Auditoria confirma que foi Lacerda Sales que marcou a consulta das gémeas no Santa Maria

13 dez 2023, 15:07
(António Lacerda Sales (Carlos M. Almeida/Lusa)

Confirmando que foram 10 os utentes que receberam o tratamento em causa, a auditoria refere que apenas duas crianças - as gémeas - foram referenciadas pelo secretário de Estado

A auditoria ao Hospital de Santa Maria confirmou que foi o secretário de Estado da Saúde, António Lacerda Sales, que marcou a consulta das gémeas tratadas naquela unidade para a atrofia muscular espinhal tipo 1.

A CNN Portugal teve acesso ao documento, confirmando que foi o então governante a intervir no caso, sendo que a presidente do Conselho de Administração do Centro Hospitalar Universitário Lisboa Norte (CHULN) já tinha confirmado que este documento, onde António Lacerda Sales é referido três vezes, já está nas mãos do Ministério da Saúde e da Inspeção-Geral de Atividades em Saúde (IGAS).

Confirmando que foram 10 os utentes que receberam este tratamento, a auditoria refere que apenas duas crianças - as gémeas - foram referenciadas pelo secretário de Estado. "Apenas duas utentes com atrofia muscular espinhal, com medicação Zolgensma, foram referenciados pelo secretário de Estado da Saúde", lê-se. 

Esta mesma consulta foi marcada por via telefónica, tendo violado a portaria que regula o acesso ao Serviço Nacional de Saúde (SNS), sendo que esta portaria foi assinada pelo anterior ministro da Saúde, Adalberto Campos Fernandes.

Esta mesma portaria tem força de lei e, como tal, pode ter implicações ao nível disciplinar, mas também penal, uma vez que pode estar em causa um titular de cargo público, podendo incorrer num eventual abuso de poder.

Ainda de acordo com a auditoria, as gémeas tiveram residência no Brasil até 22 de dezembro de 2019, tendo sido mudada a residência para Portugal no dia seguinte, por forma a receberem o Zolgensma, o medicamento mais caro do mundo, avaliado em dois milhões de euros por dose, o que veio a acontecer em junho de 2020.

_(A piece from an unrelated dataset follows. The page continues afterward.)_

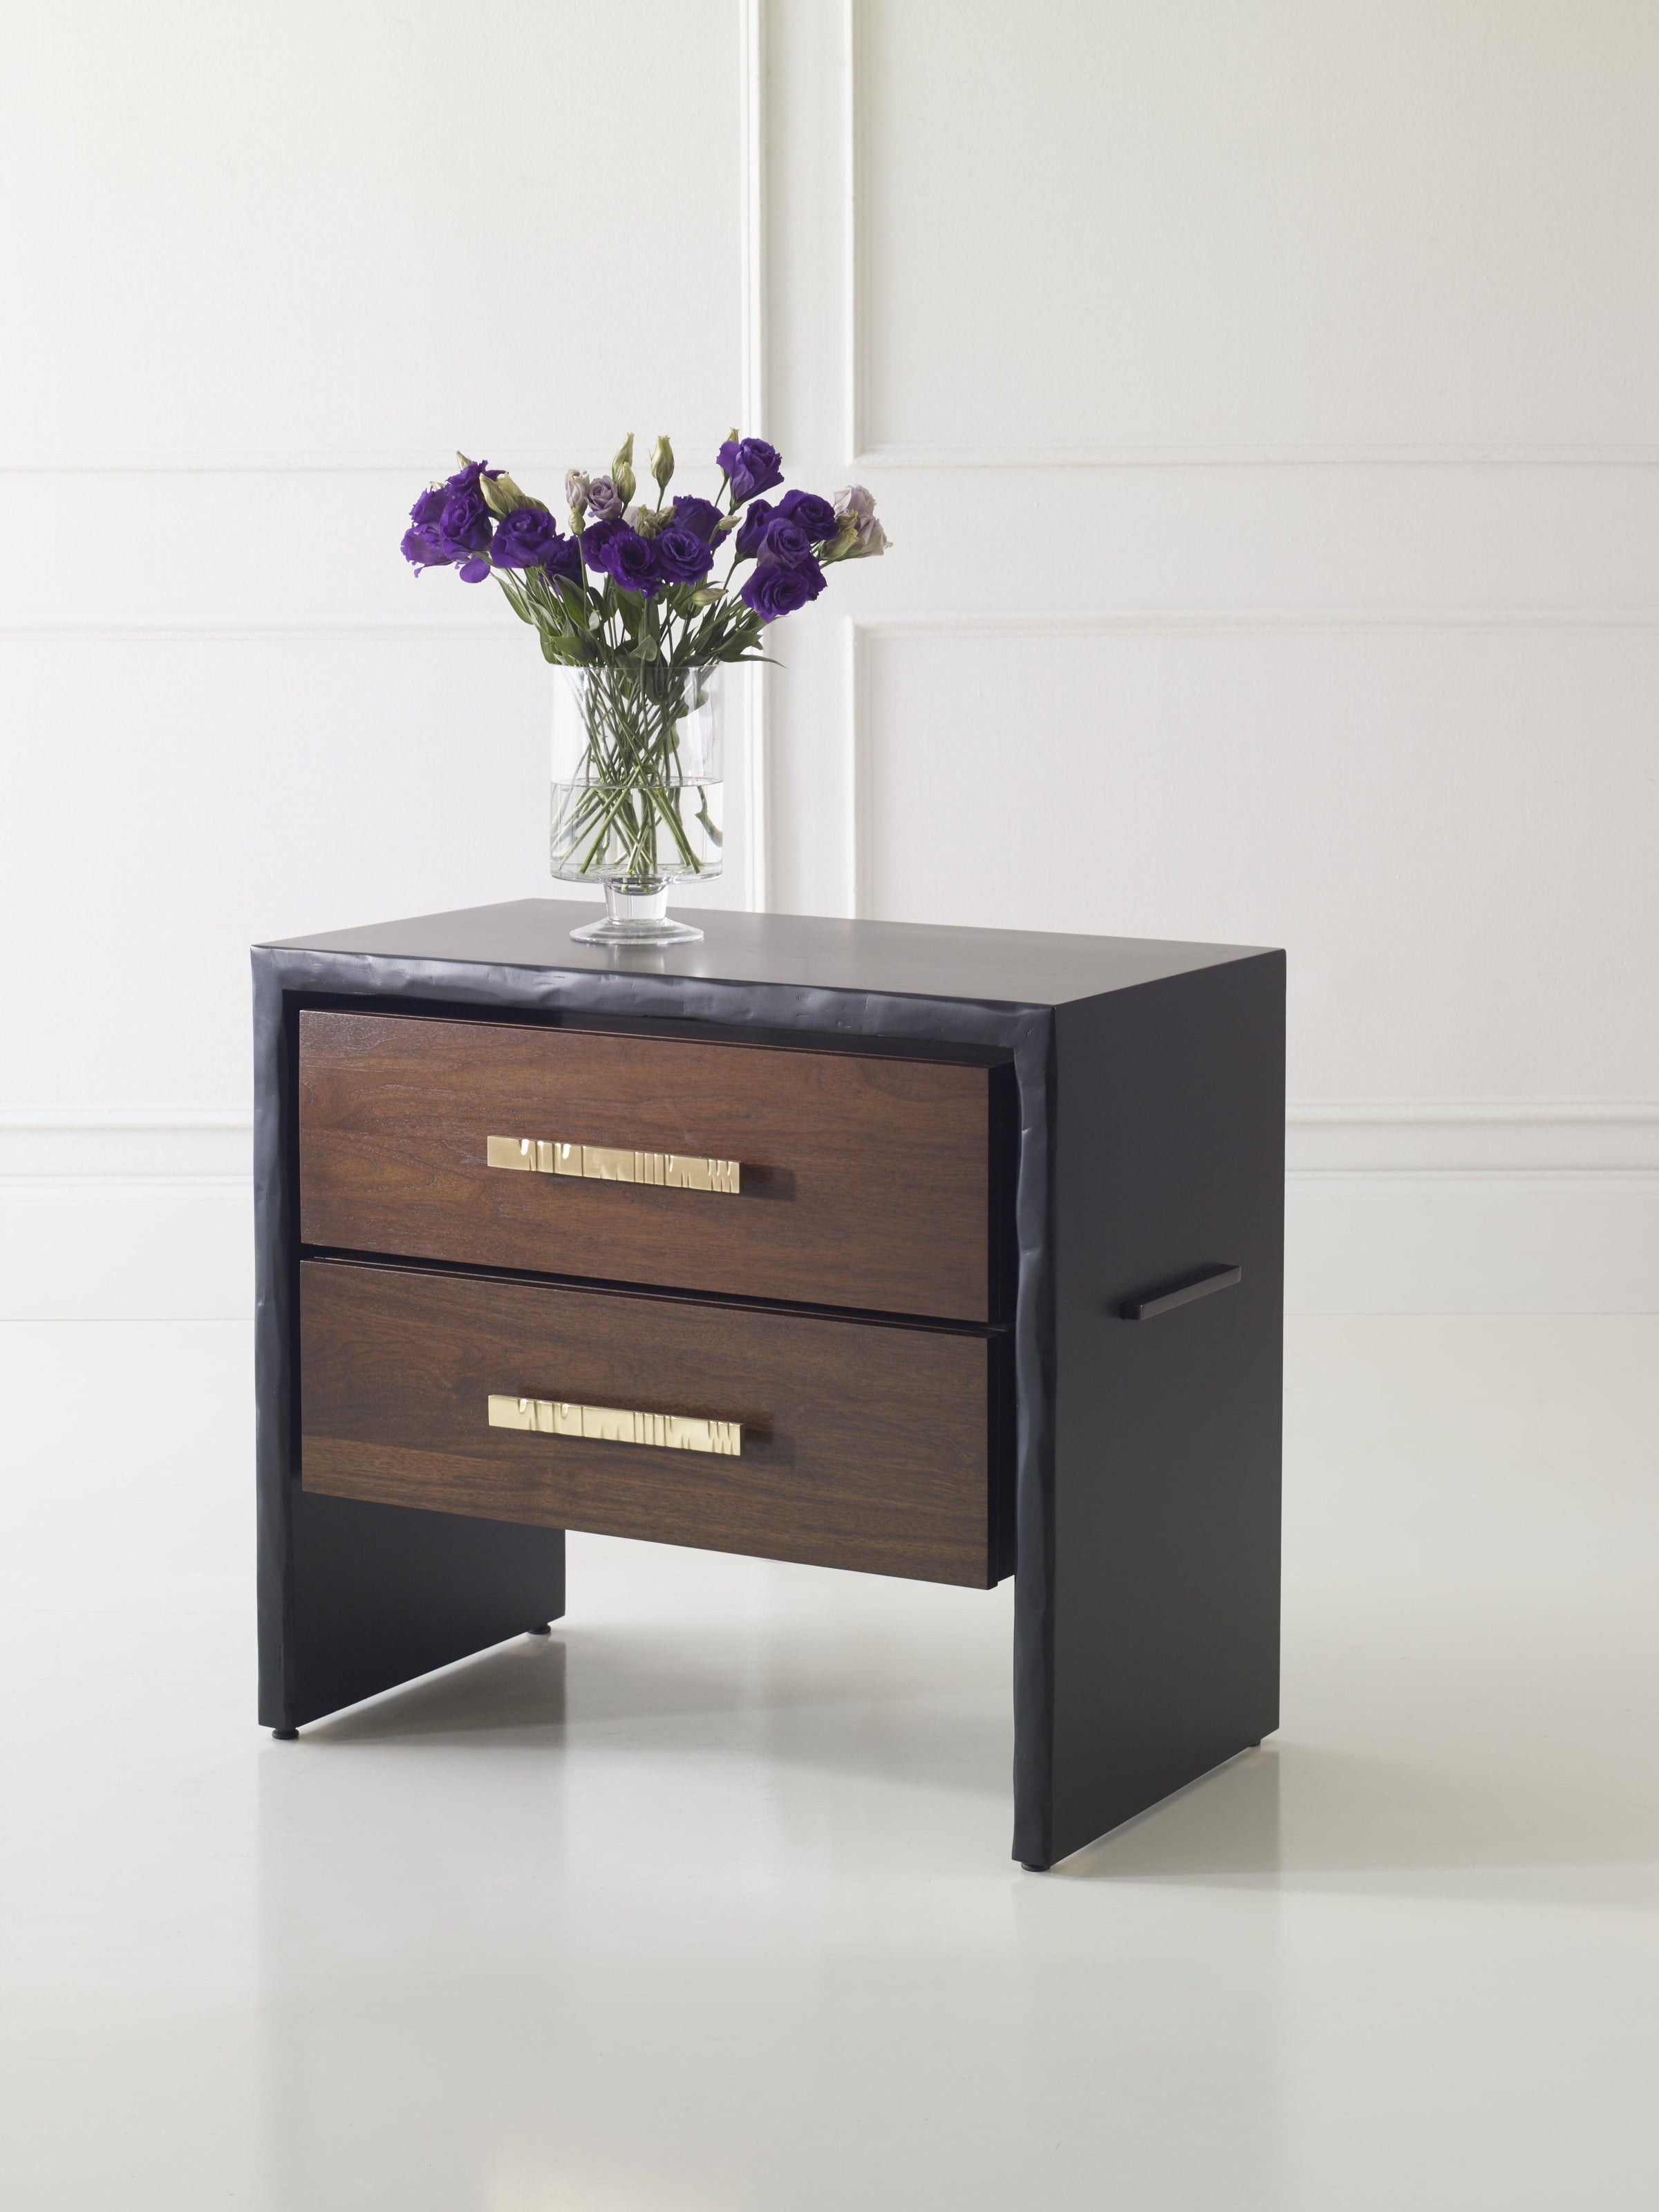 Nightstands - ST2 bench made in America

Esta mesma auditoria confirma que, tal como a CNN Portugal já tinha avançado há um mês, as gémeas não estiveram presentes na primeira consulta, à qual foram apenas os tios e o pai.

Respondendo a várias dúvidas que foram suscitadas pelo corpo clínico do Santa Maria, que mostrou dúvidas sobre a vantagem de passar as gémeas para este medicamento, a auditoria concluiu que não existe demonstração científica que tenha sido terapeuticamente melhor passar do medicamento que estava a ser administrado para o Zolgensma.

"Concluiu-se que não existe demonstração de valor terapêutico de Onasemnogene Abeparvovec [nome clínico do Zolgensma] em relação a Nusinersen. Contudo, é reconhecido o efeito benéfico do fármaco", pode ler-se no documento, que ressalva que o Zolgensma tem um custo menor.

A auditoria entende ainda que tendo em conta as conclusões da avaliação farmacoterapêutica e farmacoeconómica, a "minimização de custos e do impacto orçamental", bem como a negociação de condições para a utilização do medicamento, "admite-se a utilização do medicamento em meio hospitalar".

Este mesmo relatório confirma que foram gastos quase 16 milhões de euros no tratamento de 10 crianças com esta doença desde 2019. Sobre a forma de pagamento do medicamento inovador Zolgensma, a presidente do Conselho de Administração do CHULN disse que é através de um "acordo de risco partilhado" entre o Infarmed e o laboratório, "baseado em resultados de vida real, monitorizados (...) e com pagamentos faseados durante os primeiros quatro anos a contar do início do tratamento, variando "consoante os resultados do tratamento".

"É em função disto que as crianças são monitorizadas. Se houver resultados positivos é paga a tranche, se não houver, não é paga e a empresa que acarreta com o custo", explicou Ana Paula Martins.